Exercise details:
Without the images, repeat every line of the listing verbatim.

Given data START

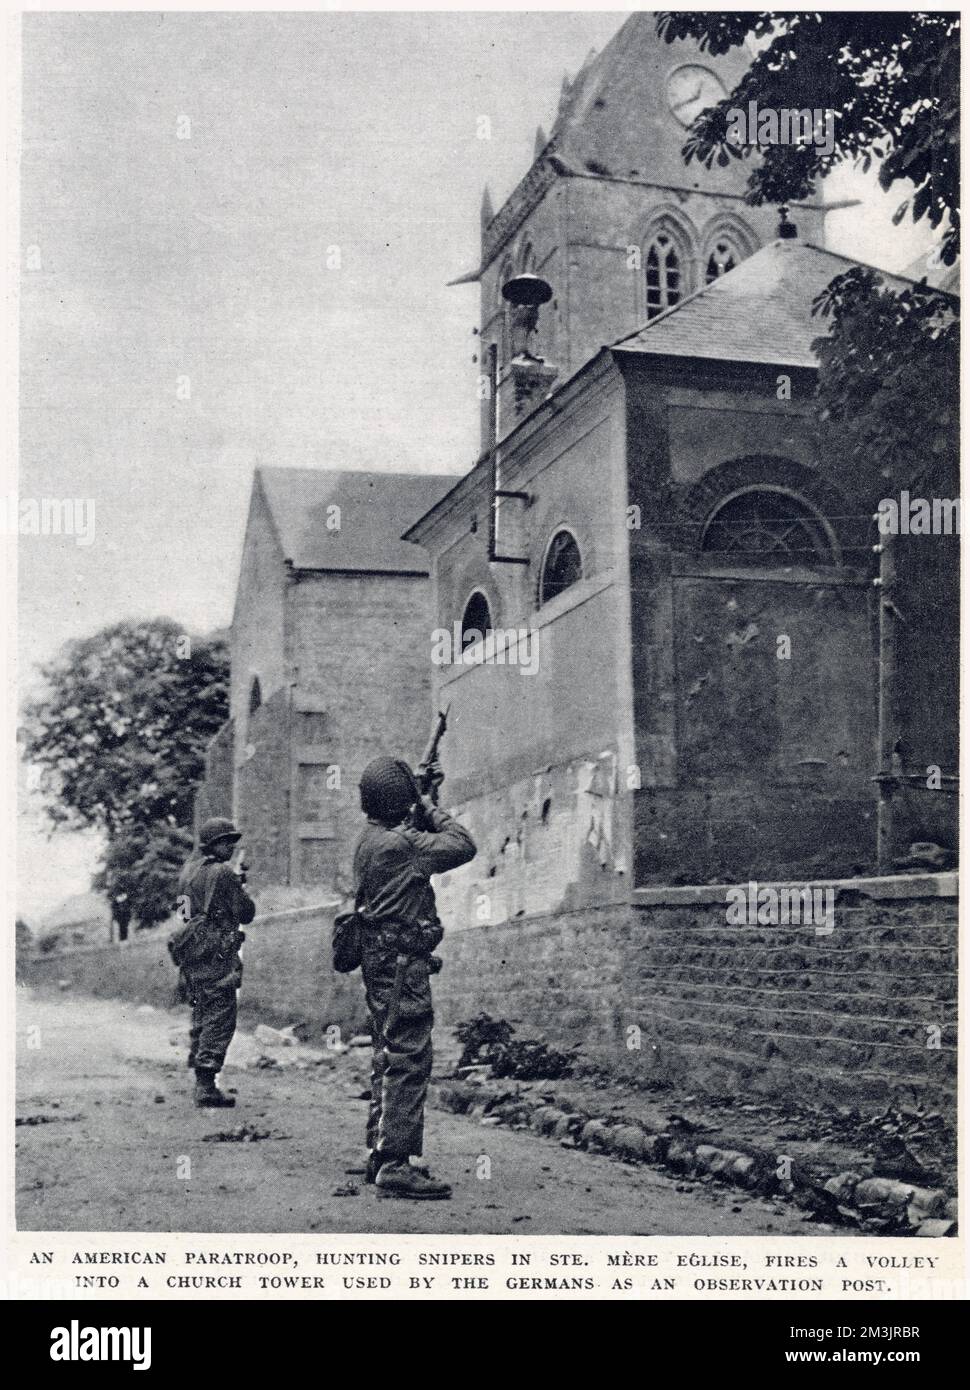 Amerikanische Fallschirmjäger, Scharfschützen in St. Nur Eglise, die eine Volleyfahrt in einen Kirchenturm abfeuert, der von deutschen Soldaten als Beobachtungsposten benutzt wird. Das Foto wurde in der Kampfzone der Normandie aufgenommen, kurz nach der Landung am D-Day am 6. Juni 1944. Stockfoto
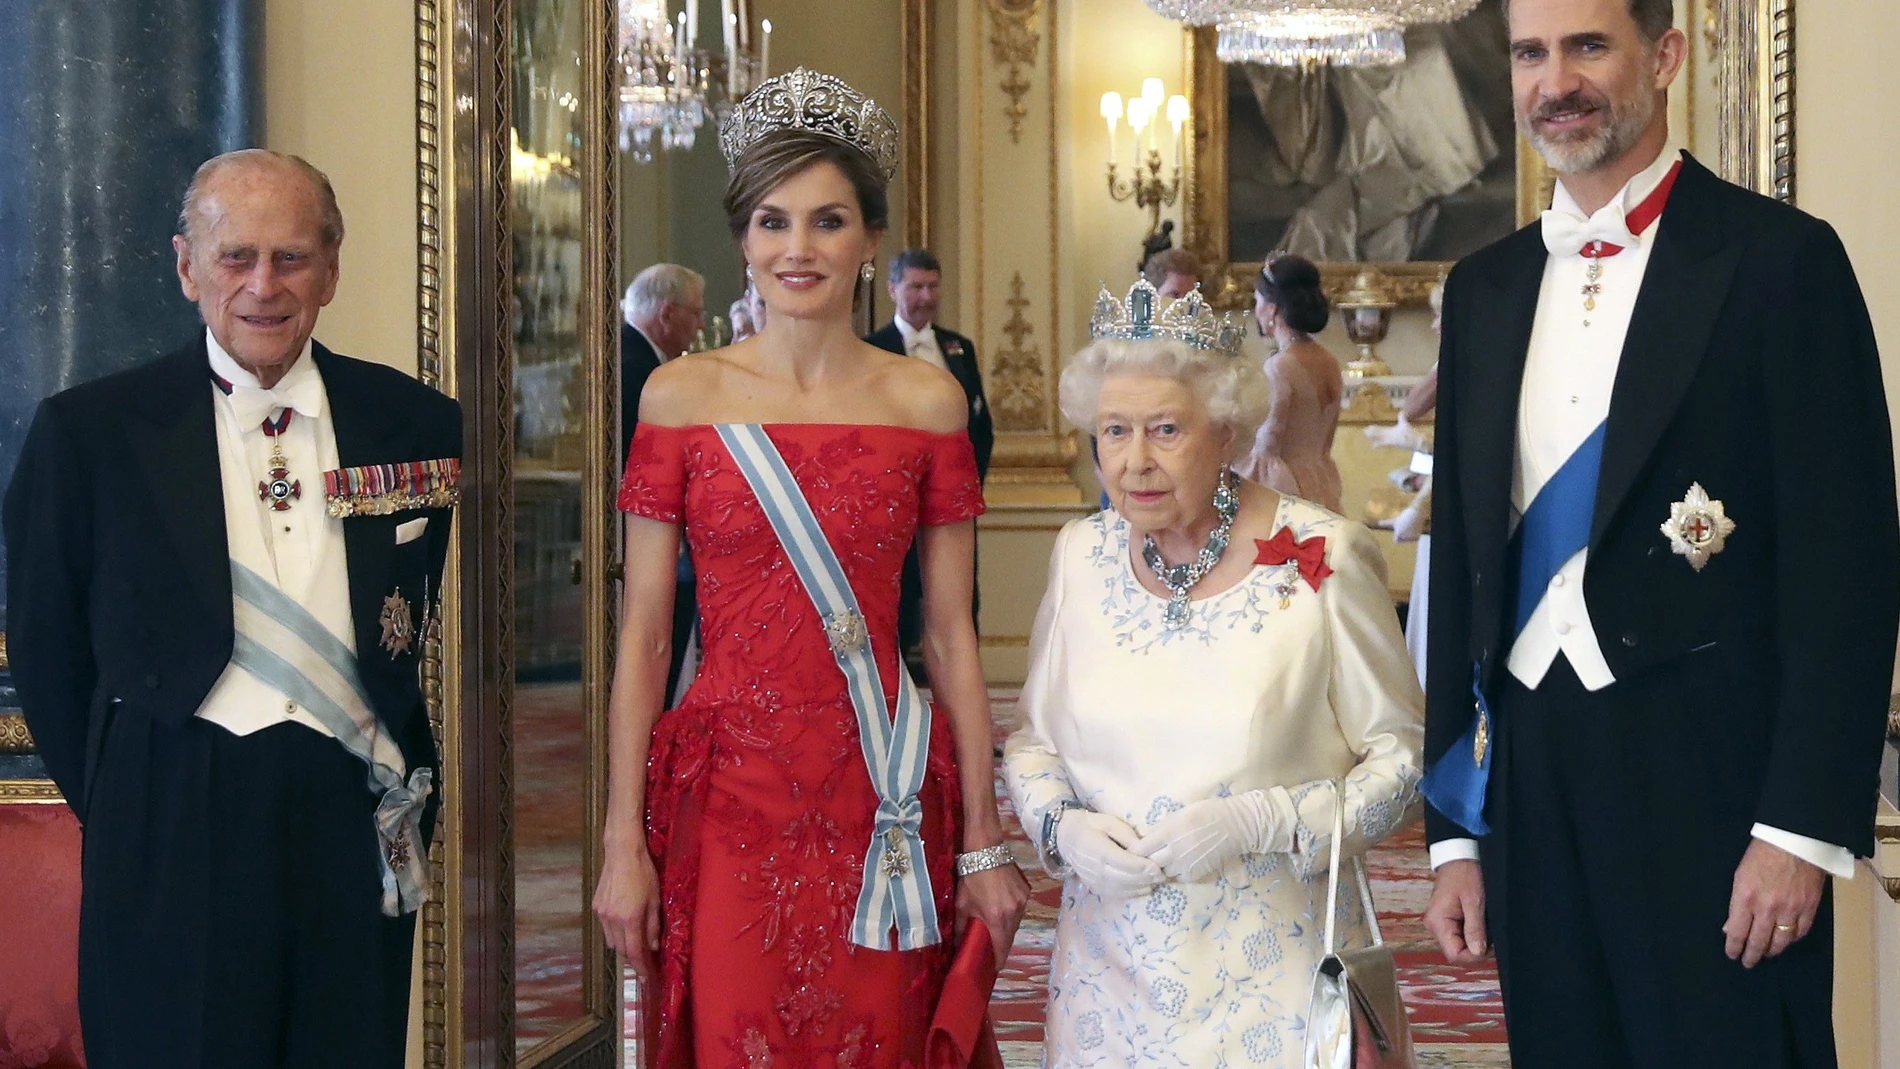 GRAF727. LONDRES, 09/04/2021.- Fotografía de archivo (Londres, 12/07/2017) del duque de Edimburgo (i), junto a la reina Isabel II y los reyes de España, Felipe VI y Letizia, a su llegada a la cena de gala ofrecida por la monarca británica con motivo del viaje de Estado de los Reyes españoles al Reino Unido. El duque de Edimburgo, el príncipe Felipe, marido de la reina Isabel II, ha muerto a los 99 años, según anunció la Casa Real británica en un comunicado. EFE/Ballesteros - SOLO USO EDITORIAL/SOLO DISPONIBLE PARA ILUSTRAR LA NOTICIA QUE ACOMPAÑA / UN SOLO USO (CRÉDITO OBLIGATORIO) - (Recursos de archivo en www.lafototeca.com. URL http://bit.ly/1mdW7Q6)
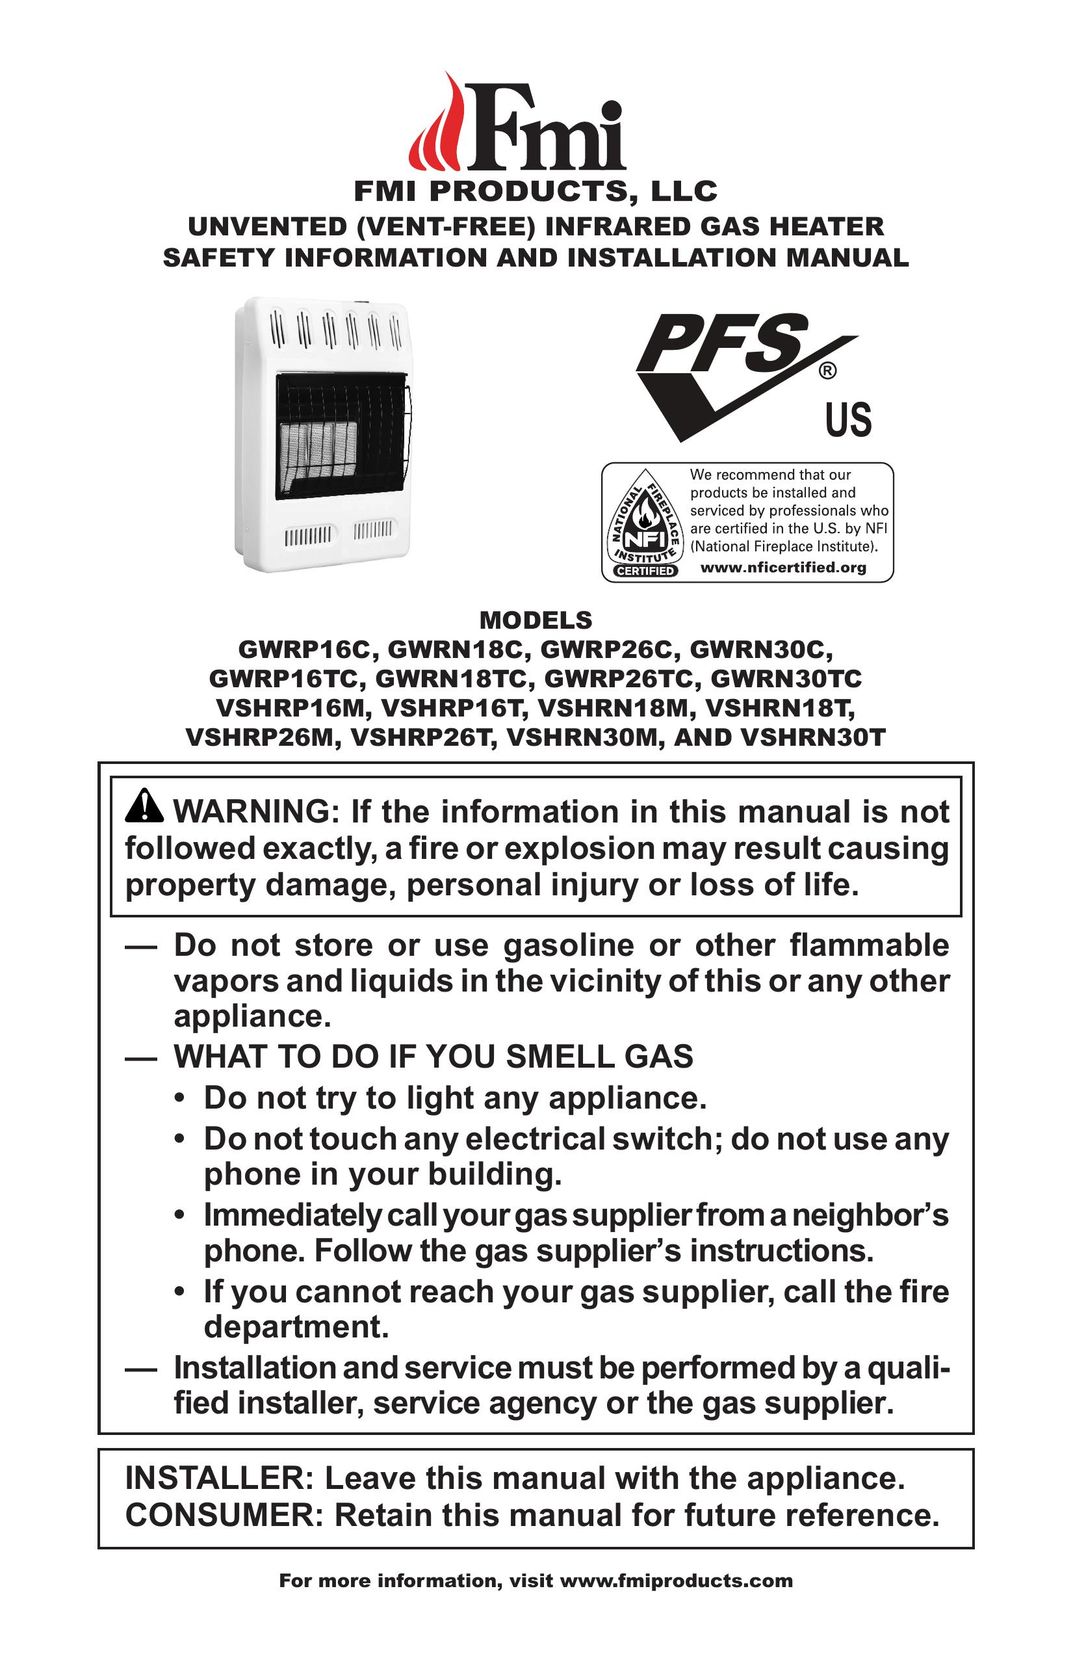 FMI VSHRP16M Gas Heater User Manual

Given data END

Finished task:
 Amerikanische Fallschirmjäger, Scharfschützen in St. Nur Eglise, die eine Volleyfahrt in einen Kirchenturm abfeuert, der von deutschen Soldaten als Beobachtungsposten benutzt wird. Das Foto wurde in der Kampfzone der Normandie aufgenommen, kurz nach der Landung am D-Day am 6. Juni 1944. Stockfoto
 GRAF727. LONDRES, 09/04/2021.- Fotografía de archivo (Londres, 12/07/2017) del duque de Edimburgo (i), junto a la reina Isabel II y los reyes de España, Felipe VI y Letizia, a su llegada a la cena de gala ofrecida por la monarca británica con motivo del viaje de Estado de los Reyes españoles al Reino Unido. El duque de Edimburgo, el príncipe Felipe, marido de la reina Isabel II, ha muerto a los 99 años, según anunció la Casa Real británica en un comunicado. EFE/Ballesteros - SOLO USO EDITORIAL/SOLO DISPONIBLE PARA ILUSTRAR LA NOTICIA QUE ACOMPAÑA / UN SOLO USO (CRÉDITO OBLIGATORIO) - (Recursos de archivo en www.lafototeca.com. URL http://bit.ly/1mdW7Q6)
 FMI VSHRP16M Gas Heater User Manual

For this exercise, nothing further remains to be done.